I believe that models are the biggest form of visual motivation within a classroom. Once a student has created a model of some sort, it should be posted up to show their work done well. The more students work gets posted, the more they will strive to work hard in creating things that are presentable and awardable. This way they also serve as reference points for the students so they learn how to refer to things when questioning, rather than simply asking the teacher everything. Even if a child looks at a model and recreates it directly, they are still taking that knowledge and applying it into something authentic to themselves. This will deepen comprehension. Model-based inquiry goes hand in hand with nearly all science lessons and should be applied as much as possible.
Monday, March 5, 2012
Bio Apps Reflection 6
*Energy flow is the flow of energy through a food chain. It includes various species and feeding relationships. For example, secondary consumers consume primary consumers and even primary producers within an ecosystem. Nurtient cycles differ because they are the recycling or organic and inorganic material back into the production of living matter. It is the movement or exchange of material within ecosystems, such as decomposition.
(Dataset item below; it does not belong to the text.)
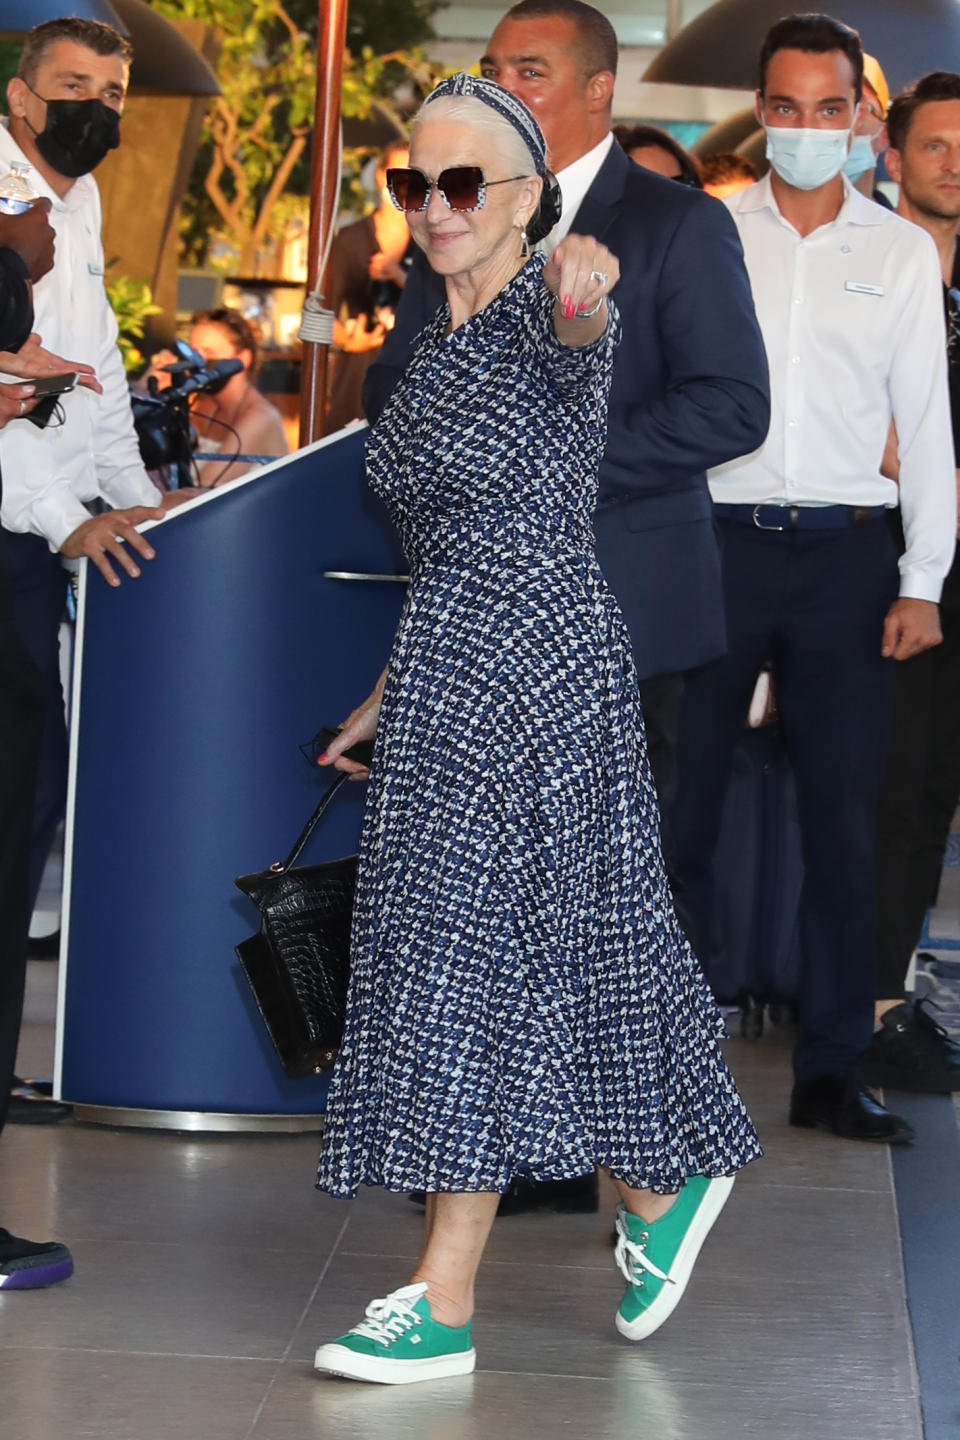 Helen Mirren arrives at the Hotel Martinez during the 2021 Cannes Film Festival. - Credit: MCvitanovic / SplashNews.com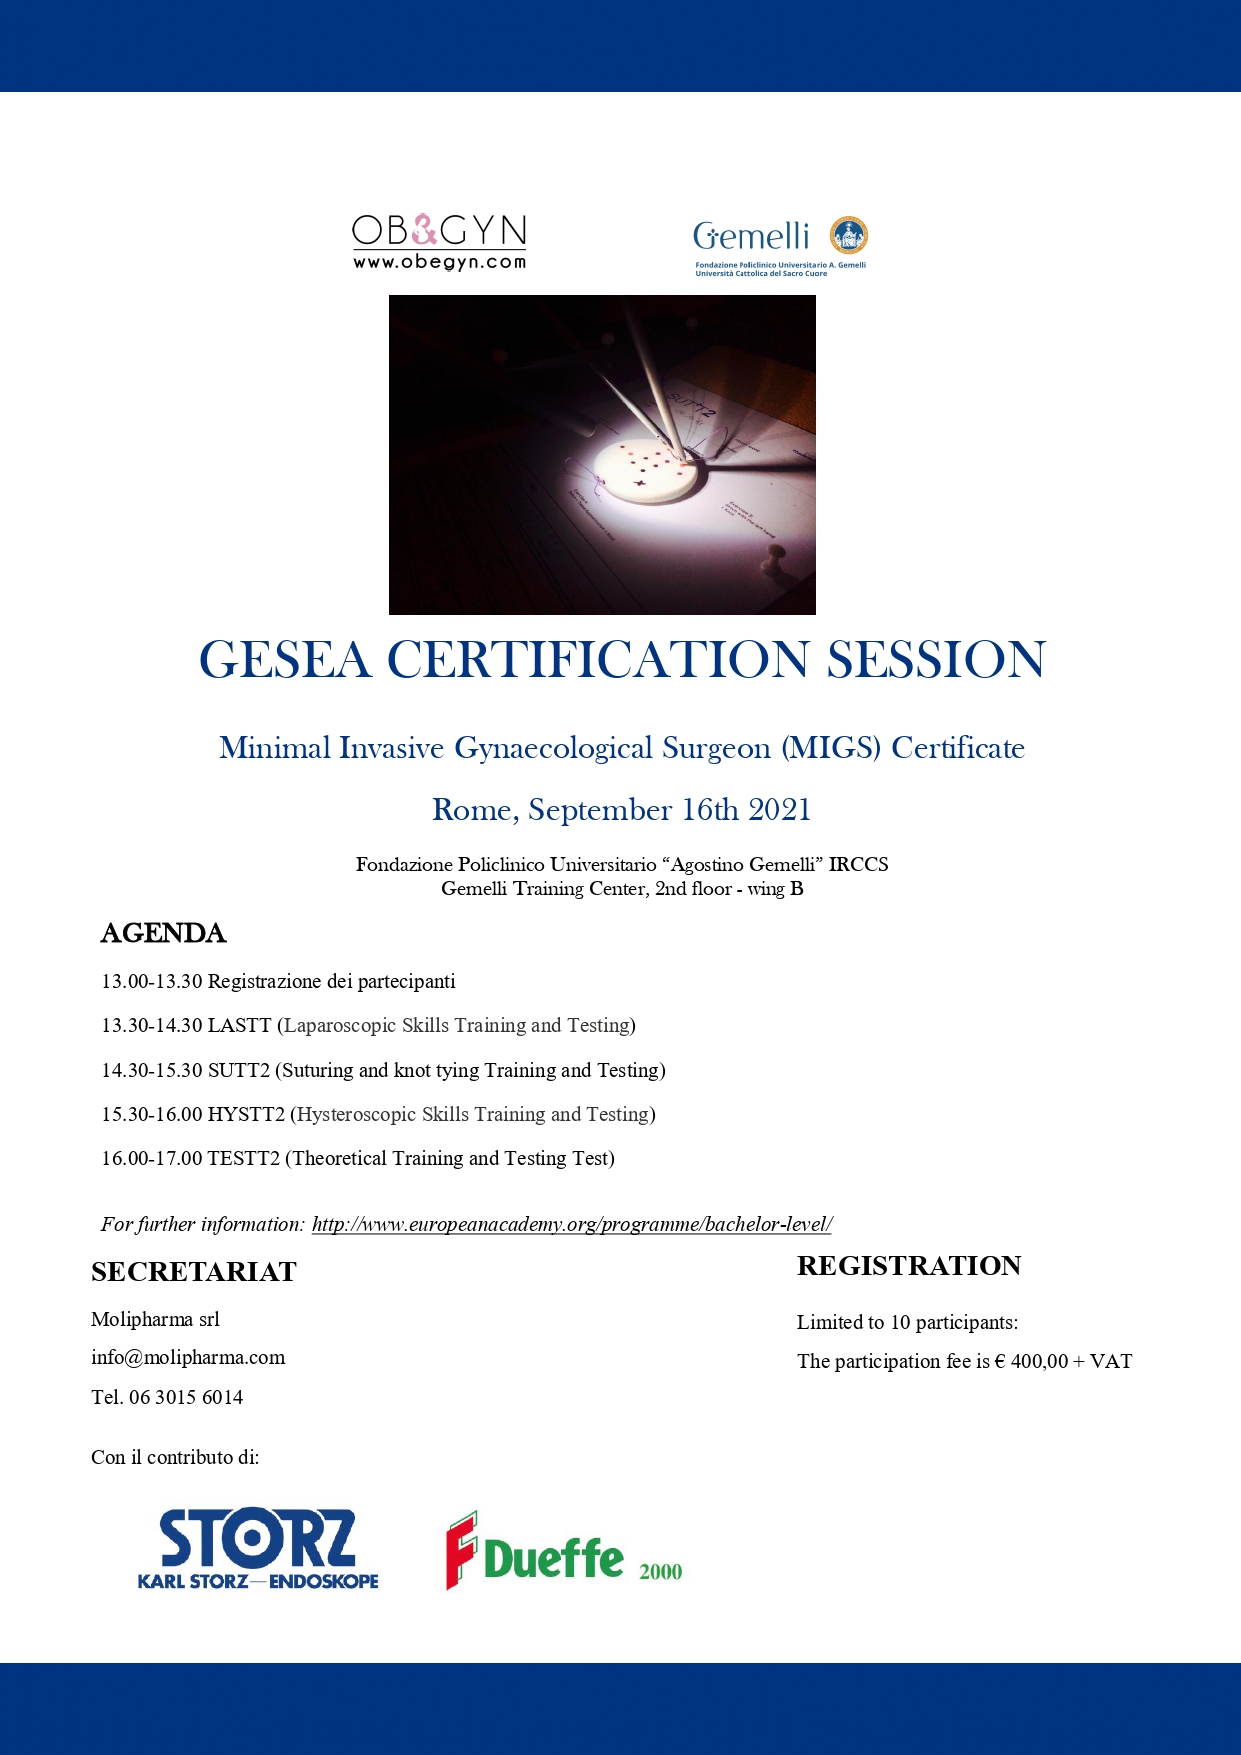 Programma GESEA CERTIFICATION SESSION - Minimal Invasive Gynaecological Surgeon (MIGS) Certificate

*While there are some very apparent differences among the ecosystems across the globe such as animal inhabitants, many others surface as well. For example, the climate of the rainforest being moist and warm is very different than the arctic where it is dry and cold. Also, the vegetation due to these conditions varies such as flourish tall trees in the rainforest and stocky rooty trees in mangroves. The main similarity across the different ecosystems is how the food chain/web or energy flow works. Specifically how organisms interact with eachother. A lot of interactions of things working together to complete the life cycle are present. There are always primary producers and consumers to utilize their "services." With that, there are specifically organisms that serve to be the keystone specie due to its large population and importance across the ecosystem, as well as apex predators who dominate the food chain and serve to be "top dogs." Another huge similarity is that the ecosystems are in great danger and mostly due to human impact. Their resources are being depleated, over consumed or wiped out to place new infrastructure on.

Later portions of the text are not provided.